### Exercise directions
Could you print the stretch of lines below from the one with "Pengibaran bendera merah" through the one with "Stahl & Associates Insurance", exactly as they stand and without any pictures?

### Entries supplied
╭──

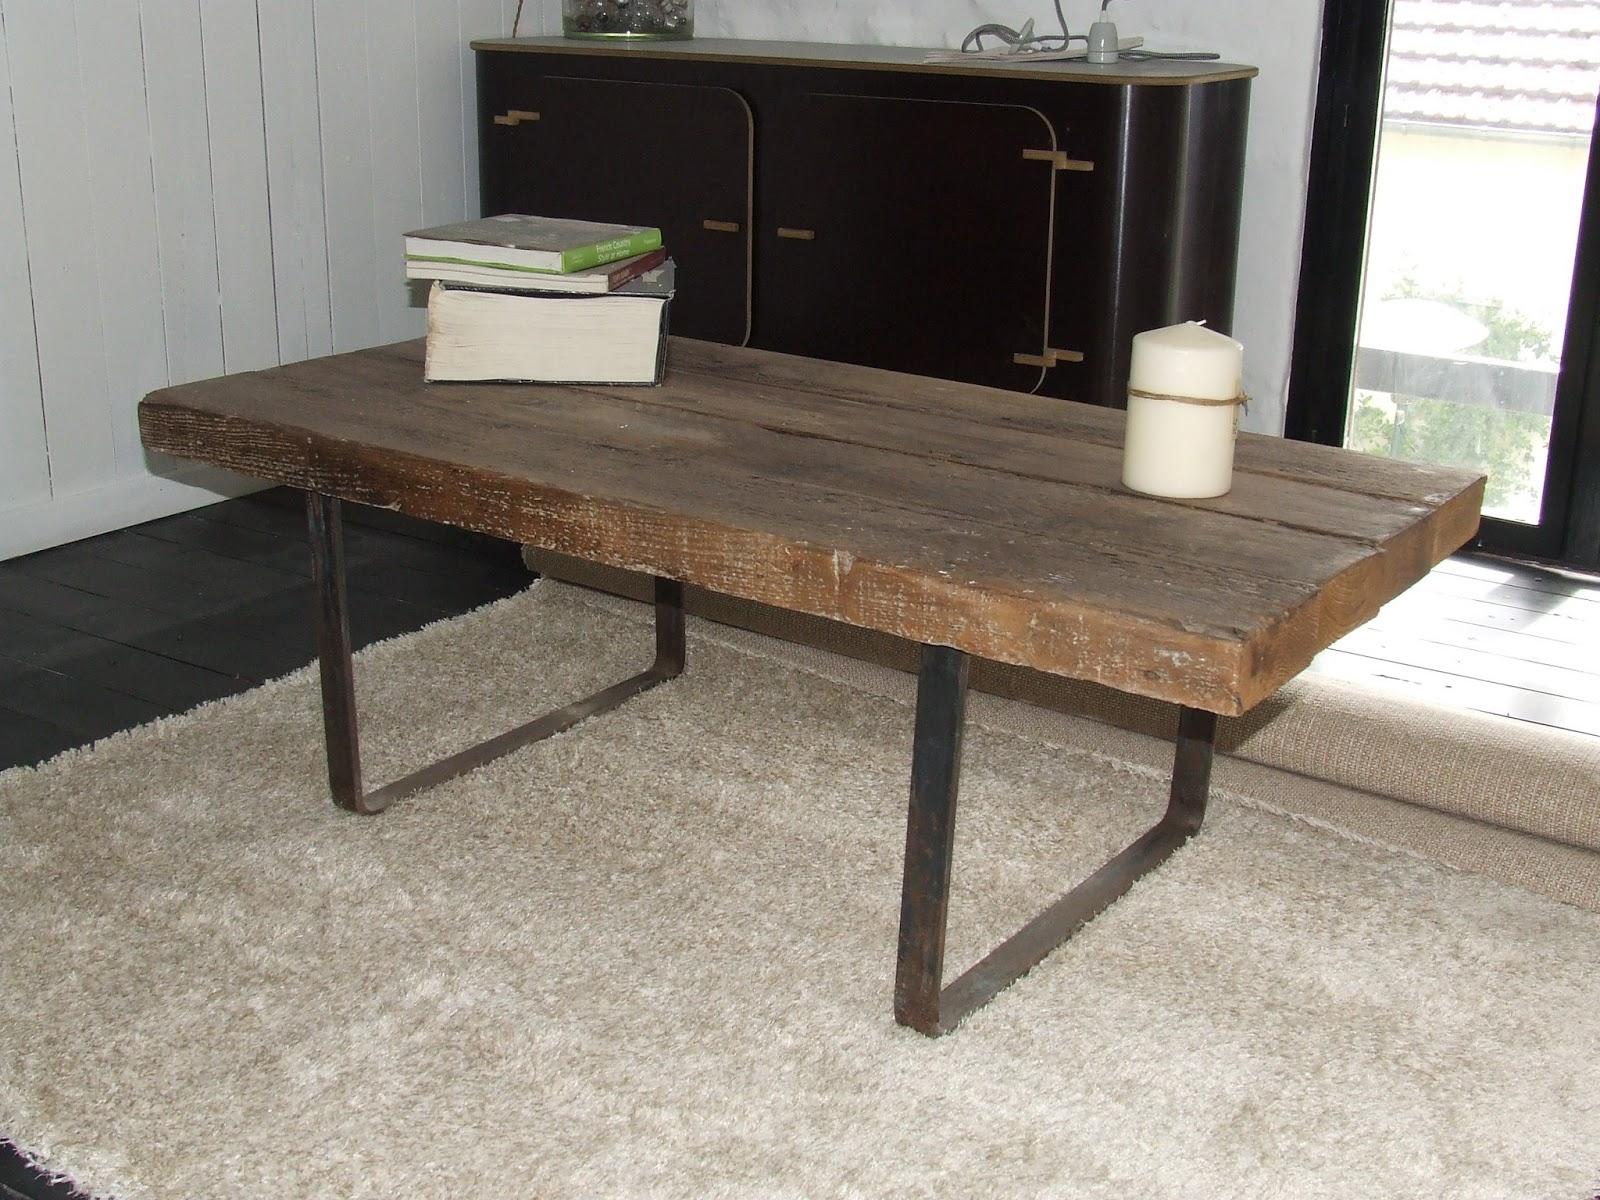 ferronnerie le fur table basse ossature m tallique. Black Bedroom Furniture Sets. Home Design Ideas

╰──
╭──

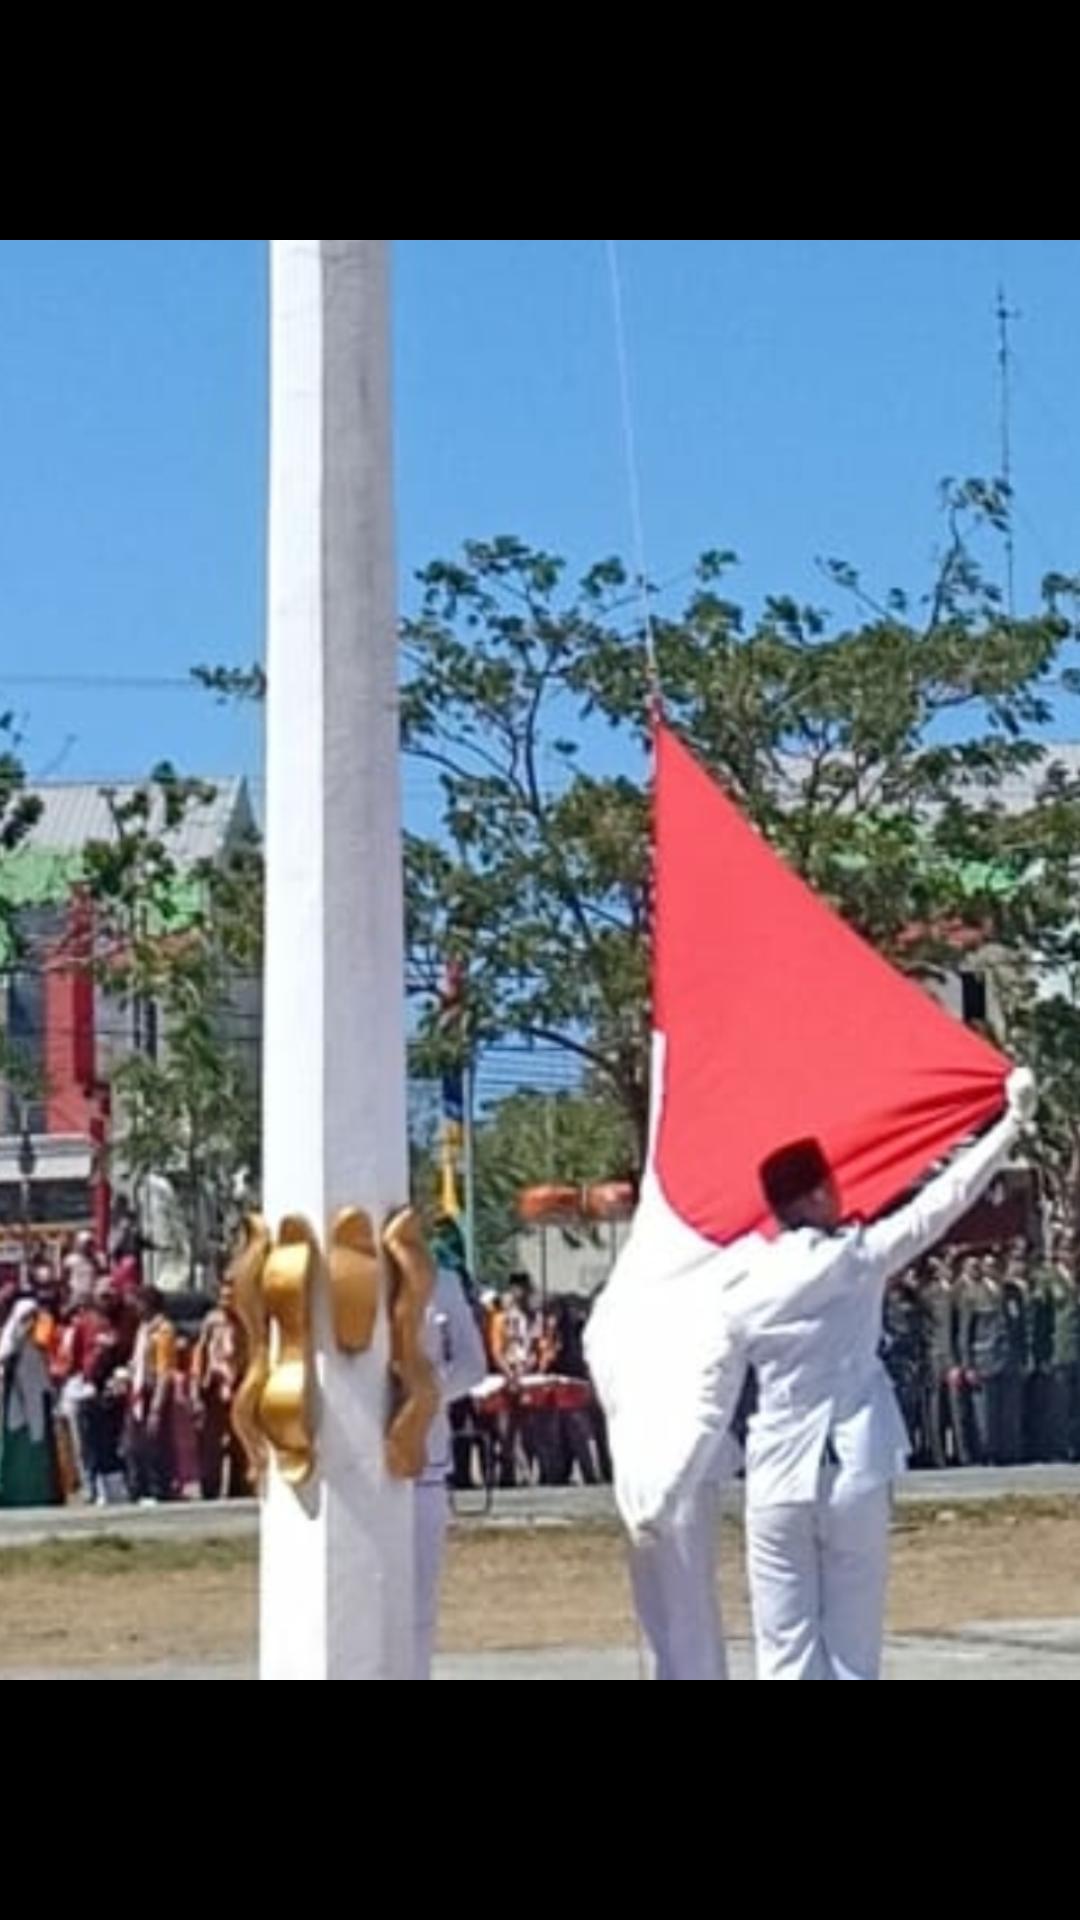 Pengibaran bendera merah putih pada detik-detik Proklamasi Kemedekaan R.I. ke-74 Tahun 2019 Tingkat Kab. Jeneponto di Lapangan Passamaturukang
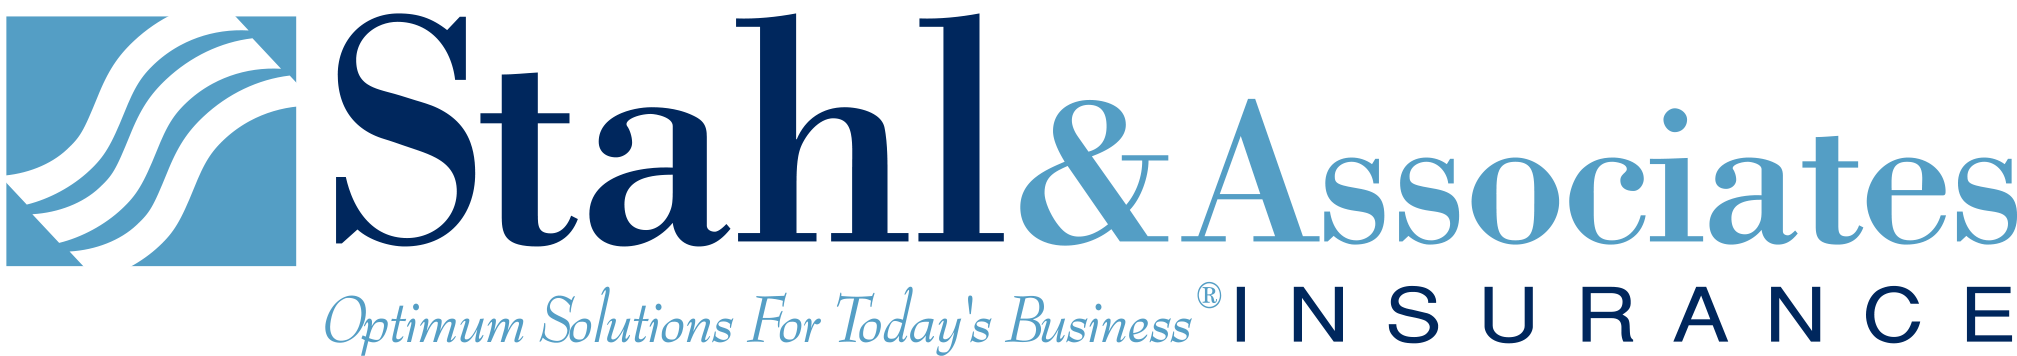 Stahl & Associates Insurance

╰──

### Response below
 Pengibaran bendera merah putih pada detik-detik Proklamasi Kemedekaan R.I. ke-74 Tahun 2019 Tingkat Kab. Jeneponto di Lapangan Passamaturukang
 Stahl & Associates Insurance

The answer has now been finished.